給与総額は「2,139,500円」あるけれども、「845,000円」分だけ所得税の計算対象として考えるよ、ということになるのです。
それでは、計算の流れを見てみましょう。
セルC33には、セルC18の値を表示します。
つまり、「=C18」と入力します。
セルC34には、セルC29の値を表示します。
こちらは、「=C29」と入力します。
セルC35には、「=C33-C34」と引き算の式を入力します。
セルC36に表示したい「最終的な課税給与所得金額」は、
セルC35で算出された「課税給与所得金額」の「1,000円未満を切り捨てる」ことで求められます。
数値の切り捨ては、おなじみの
「ROUNDDOWN関数」
を使うことになります。
「ROUNDDOWN関数」は、最初の引数に切り捨てする元の数値を指定し、
2番目の引数にどの部分を切り捨てるかを数値で指定します。
つまり、「課税給与所得金額」を算出した
セル「C35」を最初の引数に指定し、
整数部分の切り捨ての場合、マイナスで数値を指定します。
この場合、1,000円未満の3桁を切り捨てるので「-3」となります。
「845,200円」の「200円」部分が切り捨てられ、
「課税給与所得金額」は「845,000円」と計算された、というわけですね。
年調所得税額の算出
さて、「年調所得税額」の算出に移りますが、
前回、「給与所得控除後の給与等の金額」でも触れた
”あの数式”
が再度登場します。
そう、「配列数式」ですね。
今回、計算する「年調所得税額」も、あらかじめ提示された数字を元に
最終的に支払う所得税を計算する必要があります。
前項までで、所得税の計算対象となる給与金額は、
「845,000円」と算出されました。
そして、上の図のように「年調所得税額」を計算するために与えられた表をエクセル上に作成しました。
セル「C41」に、「845,000円」に対する年調所得税額が自動計算されるように、数式を挿入してみましょう。

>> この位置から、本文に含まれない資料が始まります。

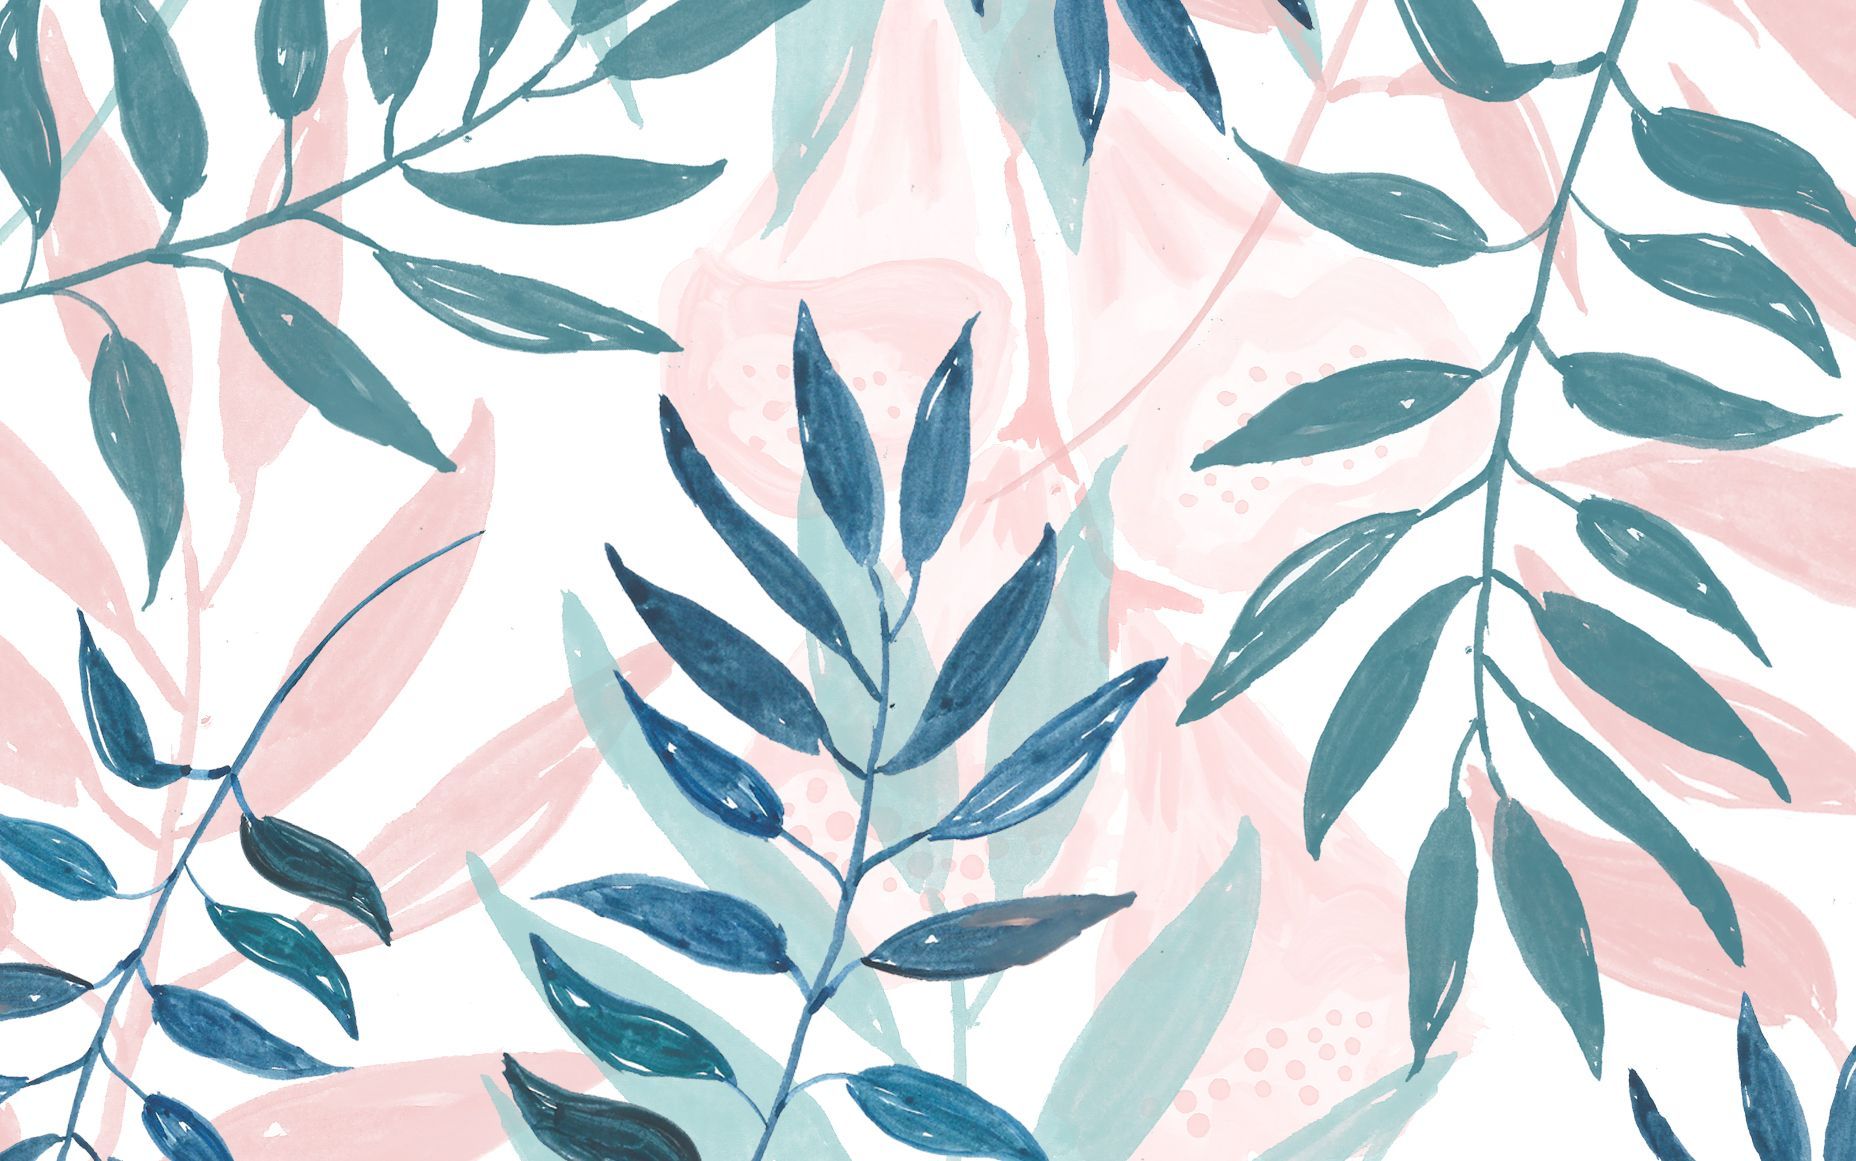 A pattern of blue and pink leaves - Leaves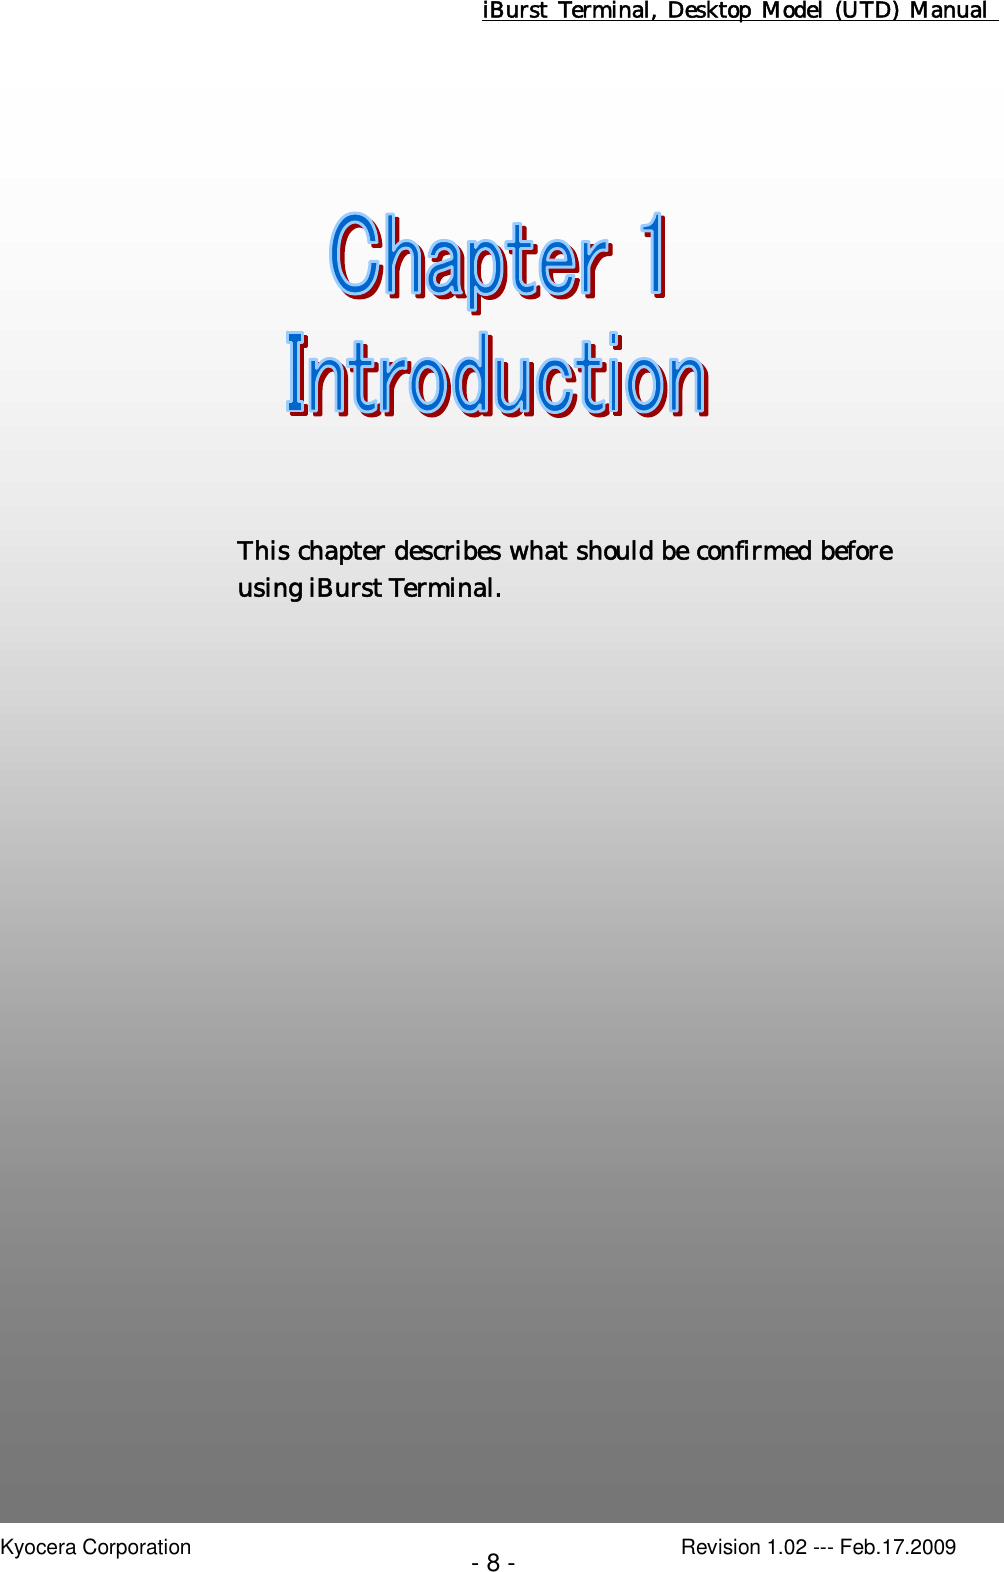 iBurst  Terminal, Desktop  Model  (UTD)  Manual    Kyocera Corporation                                                                                              Revision 1.02 --- Feb.17.2009 - 8 -   Chapter 1 Introduction                              7      This chapter describes what should be confirmed before using iBurst Terminal.

{=IF((C40>F41:F45)*(C40<=G41:G45),(C40*H41:H45)-I41:I45)}
{}は、実際に入力しません。
数式を入力し終わったら、キーボードの「Ctrlキー+Shiftキー」を押しながら「Enterキー」を押せば、
「配列数式である」という目印となる{}が自動で挿入されます。
算出したセル「C40」の「課税給与所得金額」が、
F列の数値を超え、なおかつG列の数値以下で該当する行があれば、
その該当する行番号のH列の「税率」を掛けて、
さらに該当する行番号のI列の「控除額」を差し引きます。
前回の配列数式の説明でも書きましたが、
配列数式内で、「AND関数」と「OR」関数を使う事はできません。
したがって、論理積であるAND条件を作成するときは、
(C40>F41:F45)*(C40<=G41:G45)
のように、「*(掛け算)」で処理します。
では、実際の計算の流れを見てみましょう。
セル「C40」には、これまでの計算で算出された
「845,000円」が表示されています。
「IF((C40>F41:F45)*(C40<=G41:G45)~」の部分を見ると、
「845,000円」は、
表のF列では「-1を超える」に該当し、
表のG列では「1,950,000以下」に該当します。
つまり、該当する行は、「41行目(表の1行目)」となります。
IF関数で該当したので、真の場合の計算式である
(C40*H41:H45)-I41:I45)の部分が実行されます。
41行目のH列の税率は「5%」、
I列の控除額は「0円」なので、
「845,000円×5%-0円」
という計算式となり、結果としてセル「C41」に、「42,250円」という答えが表示されます。
配列数式は、どうしても特殊な使い方になります。
このような表中において、条件に該当する行の計算をスッキリした数式で処理したい場合には、
配列数式がある、ということを思い出してみてください。
年調年税額の算出
さぁ、いよいよ最後の
「年調年税額」
の計算となります。
この計算を終えると、従業員の方が支払う
「年間の所得税」が算出されます。
この計算は、「年調所得税額」に
「102.1%」を掛けるだけです。
会社員の場合、
会社ですべて行ってくれるこの「年末調整」という作業での
最後の「102.1%」が何を意味しているかは理解できないかもしれませんが、
これは、「東日本大震災」の復興特別所得税となっているのです。
先程セル「C41」に「年調所得税額」である
「42,250円」が算出されました。
それをセル「C47」に「=C41」と数式を入力して表示します。
そして、セル「C48」に
「年調年税額」を計算するようにします。
「年調年税額」は、「年調所得税額」に「102.1%」を掛けて
それを100円未満で切り捨てます。
つまり、セル「C48」に、
「=ROUNDDOWN(C47*102.1%,-2)」
と「ROUNDDOWN関数」を使って切り捨てします。
100円未満、つまり10円の位と1円の位の2つを切り捨てるので、
「2番目の引数」に「-2」と指定します。
終わりに
これまで全4回で作成してきた計算式がすべて完成すると、
「支払い給与総額」が「2,139,500円」の従業員であれば、
「年調年税額」は、「43,100円」と簡単に表示されるようになりました。
今回は、関数や数式をメインに順番に見てきましたが、
システマチックにするのであれば、エクセルVBAを使ってもいいかもしれませんし、
実際にエクセルVBAで作成した年末調整のためのファイルを公開している税理士も結構いらっしゃるようです。
個人で小さくやっている会社であっても
エクセル1つあれば、年末調整だって関数だけでこれくらいまで簡素化して計算できるようになります。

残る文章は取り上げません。